For AGGREGATE KEY tables, the aggregate type of each column is not available in information_schema. The dialect discovers this information by parsing the Type field from the output of SHOW FULL COLUMNS FROM <table>.

This parsed aggregate type is then passed into the constructor for the reflected Column object as a starrocks_agg_type keyword argument. Because Column is also a DialectKWArgs object (like a Table), SQLAlchemy automatically normalizes this into the column.dialect_options['starrocks'] dictionary, making it available for the compare process.

Parsing DDL into Structured Objects

A key feature of the introspection process is that it does not treat all DDL clauses as opaque strings. For complex attributes like PARTITION BY and DISTRIBUTED BY, the dialect parses the string output from SHOW CREATE TABLE into structured Python objects:

  • ReflectionPartitionInfo: Represents the partitioning strategy.
  • ReflectionDistributionInfo: Represents the distribution (including bucket number) strategy.

These objects hold the parsed details of the clause. They also implement __str__ and __repr__ methods, which are crucial for the comparison and rendering stages. These methods can normalize the representation of the clause, ensuring that semantically identical but textually different clauses can be compared accurately.

sqlacodegen will render these options by using {one_property!r} to get the value.

Current Limitations and Future Improvements

The primary limitation of the current approach is the reliance on string matching and regular expressions to parse the output of SHOW CREATE TABLE.

The Challenge with String Matching

Parsing DDL with regular expressions is inherently brittle. While the current implementation covers many common cases, it may fail to correctly parse complex or unusually formatted PARTITION BY or DISTRIBUTED BY clauses. This can lead to incorrect schema reflection and, consequently, flawed autogeneration in Alembic.

Especially, the partition definition and distribution definitation will vary time to time. This tool can't handle them accurately and exactly.

Future Improvement: ANTLR Parser

To address this limitation, a more robust solution would be to introduce a proper SQL parser.

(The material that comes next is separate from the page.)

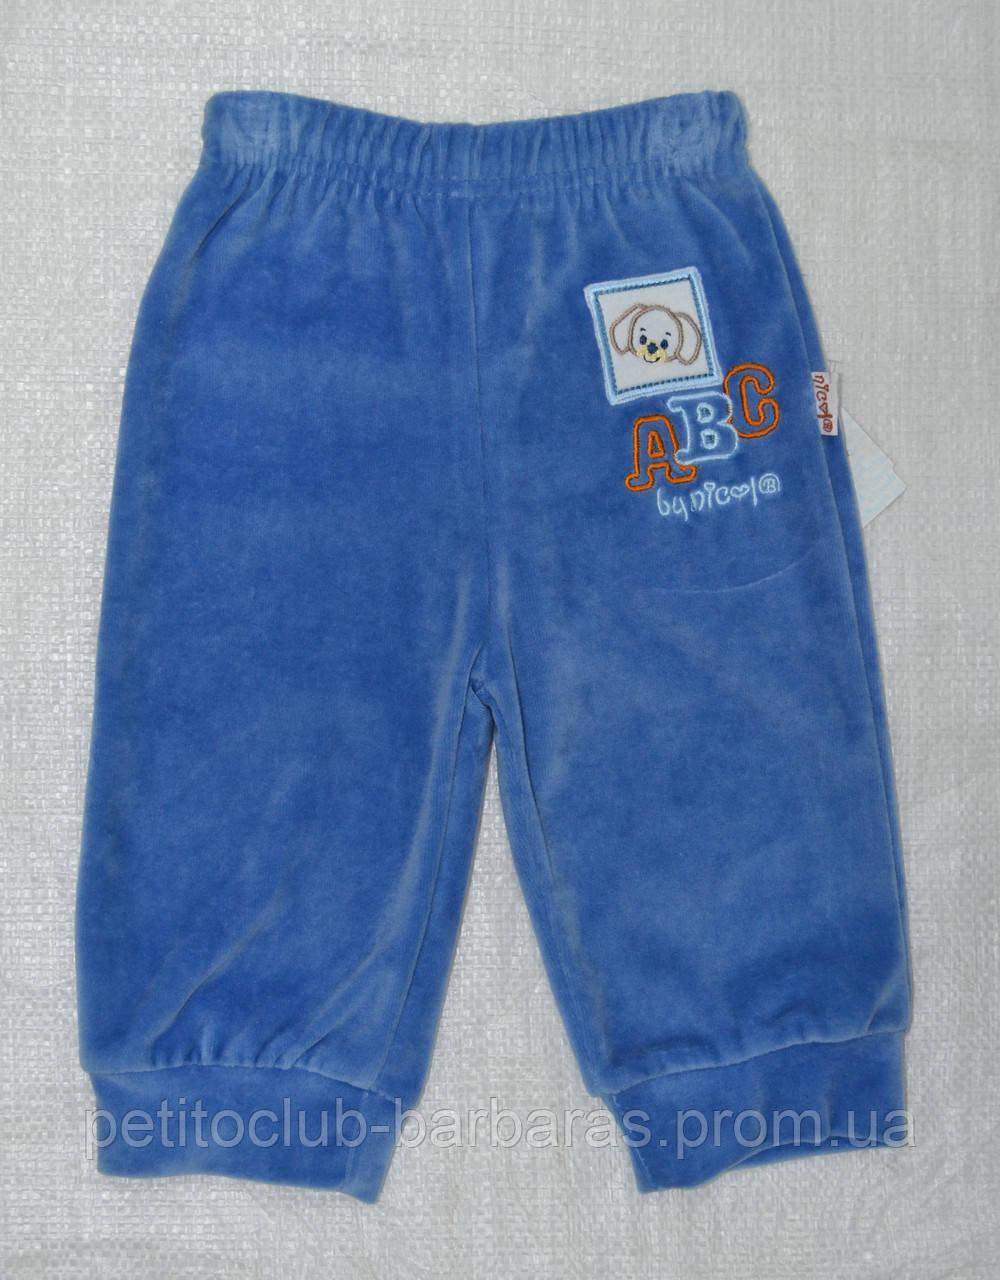 Штаны велюровые АВС голубые для мальчика (Nicol, Польша)

A potential candidate is ANTLR (ANother Tool for Language Recognition), which can be used to build a full-featured parser from a StarRocks SQL grammar.

By using an ANTLR-based parser, the dialect could:

  • Accurately Parse DDL: Precisely extract some clauses and properties from the SHOW CREATE TABLE output without the risk of regex failures on edge cases.
  • Improve Introspection Reliability: Ensure that the reflected schema is always a correct representation of the database state.
  • Enhance Autogeneration: Provide a more reliable foundation for Alembic's compare process, leading to more accurate schema change detection. Because, the SHOW CREATE TABLE is always more accurate and in-time.

The introduction of an ANTLR parser would be a significant step forward in making the dialect more robust and reliable, but also much complicate.